Question

Statement - 1: The sum of the series 1 + (1 + 2 + 4) + (4 + 6 + 9) + (9 + 12 + 16)+...+(361 + 380 + 400) is 8000.
Statement - 2: ${\sum }_{k=1}^n(k^3-(k-1{)}^3)=n^3,$ for any natural number n.

• A. Statement - 1 is false, Statement - 2 is true.
• B. Statement - 1 is true, Statement - 2 is true, Statement - 2 is a correct explanation for Statement - 1.
• C. Statement - 1 is true, Statement - 2 is true, Statement - 2 is not a correct explanation for Statement - 1.
• D. Statement - 1 is true, Statement - 2 is false.

Answer 1

The correct option is B Statement - 1 is true, Statement - 2 is true, Statement - 2 is a correct explanation for Statement - 1.

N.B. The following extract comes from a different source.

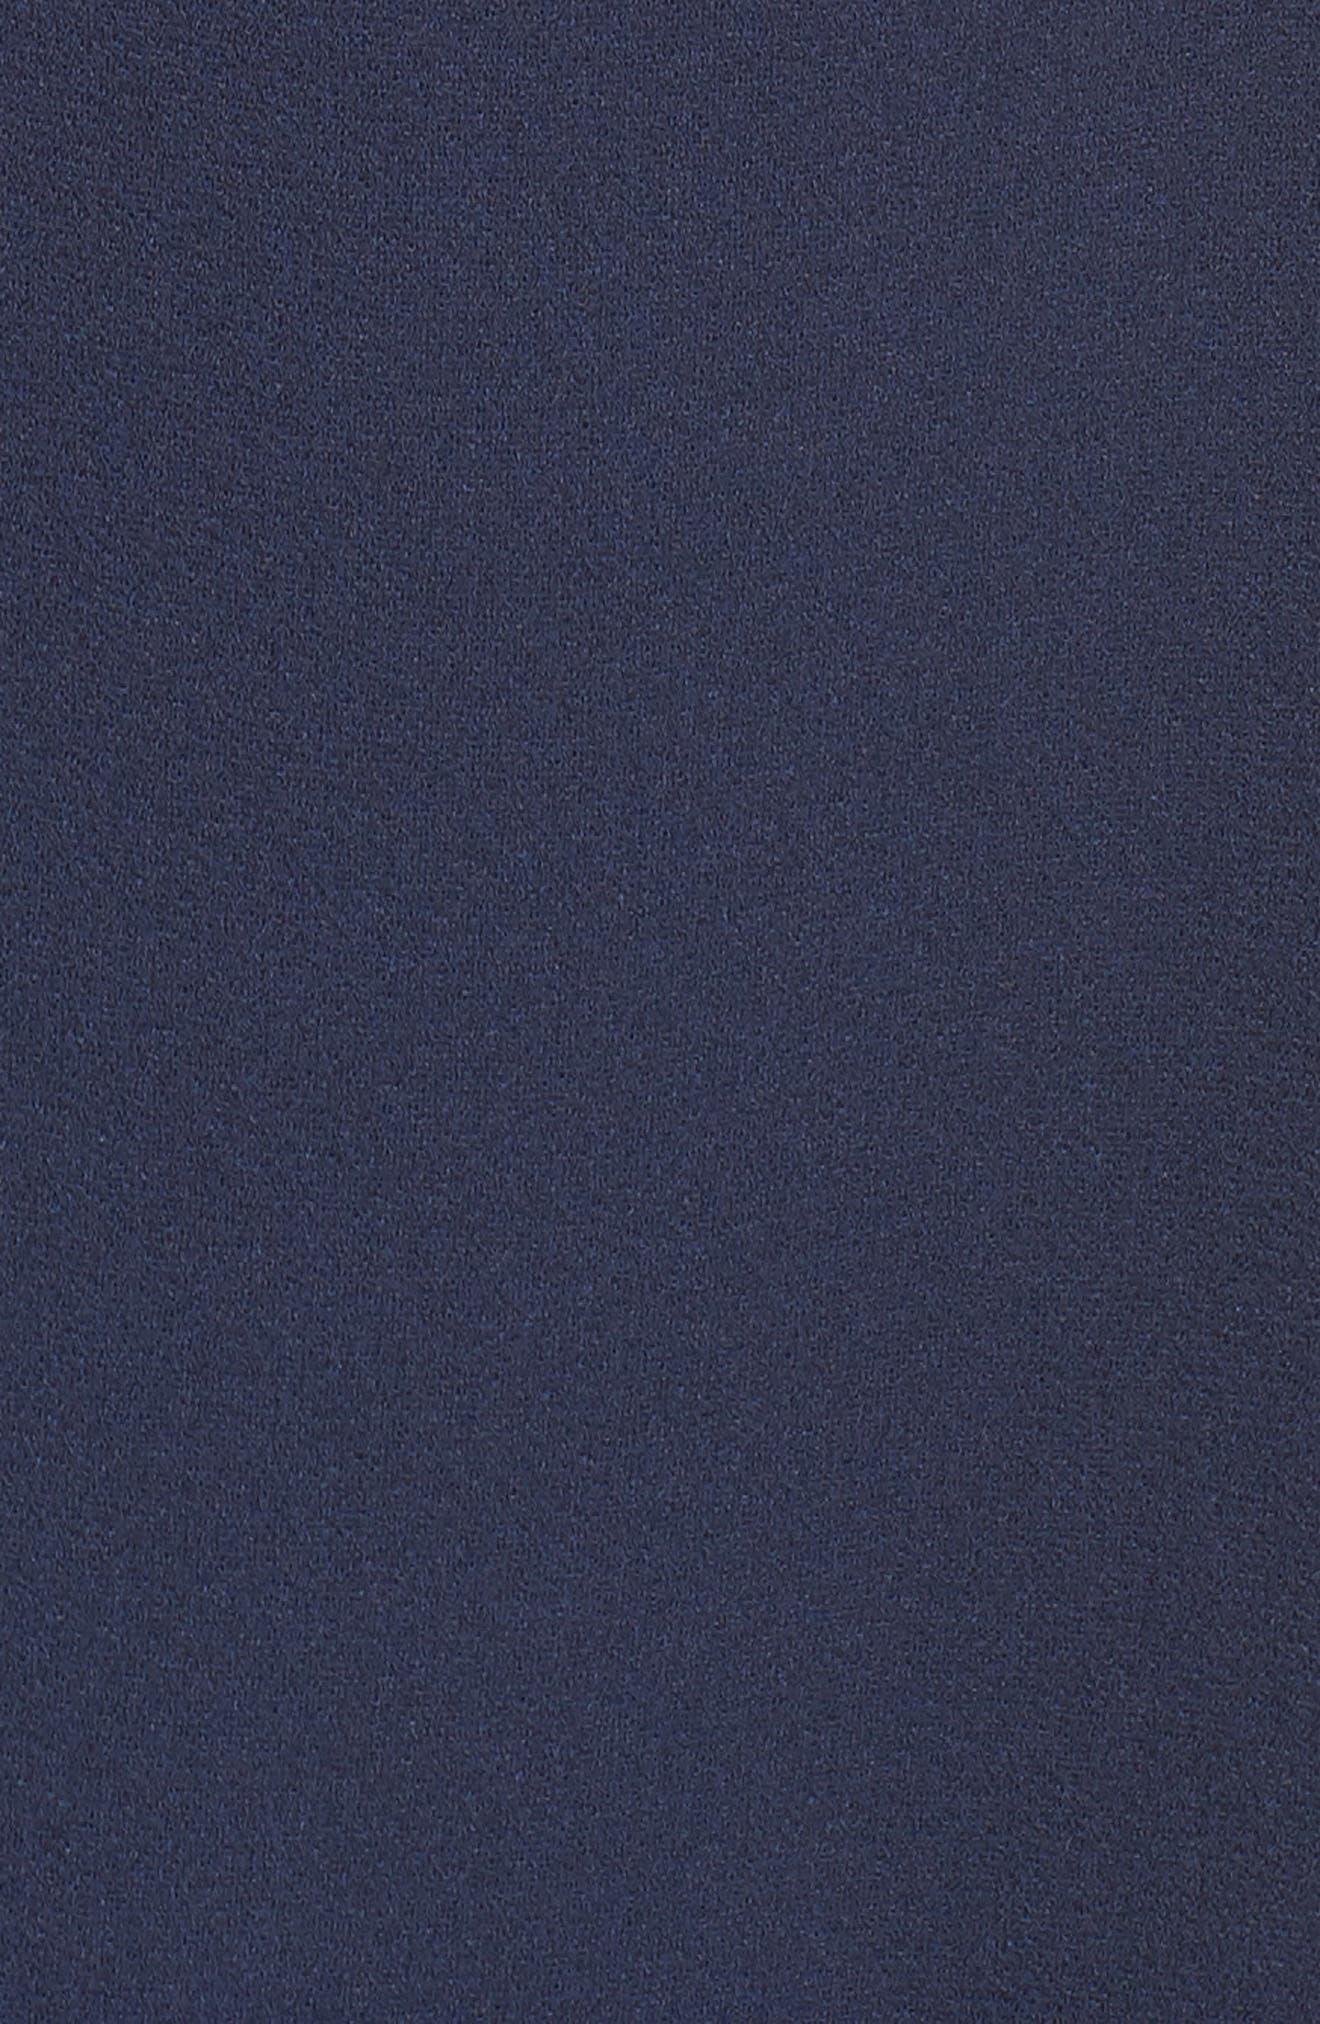 Tiered Ruffle Shift Dress,                             Alternate thumbnail 6, color,                             Navy

$n^{th}$ term of the given series
$T_n=(n-1{)}^2+(n-1)n+n^2$
$=\frac{\left(\right(n-1{)}^3-n^3)}{(n-1)-n}=n^3-(n-1{)}^3\Rightarrow S_n={\sum }_{k=1}^n[k^3-(k-1{)}^3]\Rightarrow 8000=n^3$
$\Rightarrow n=20$ which is a natural number
$T_1=1^3-0^3{T}_2=2^3-1^3⋮T_{20}={20}^3-{19}^3$
Now, $T_1+T_2+...+T_{20}=S_{20}\Rightarrow S_{20}={20}^3-0^3=8000$
Hence, both the given statements are true and statement 2 supports statement 1.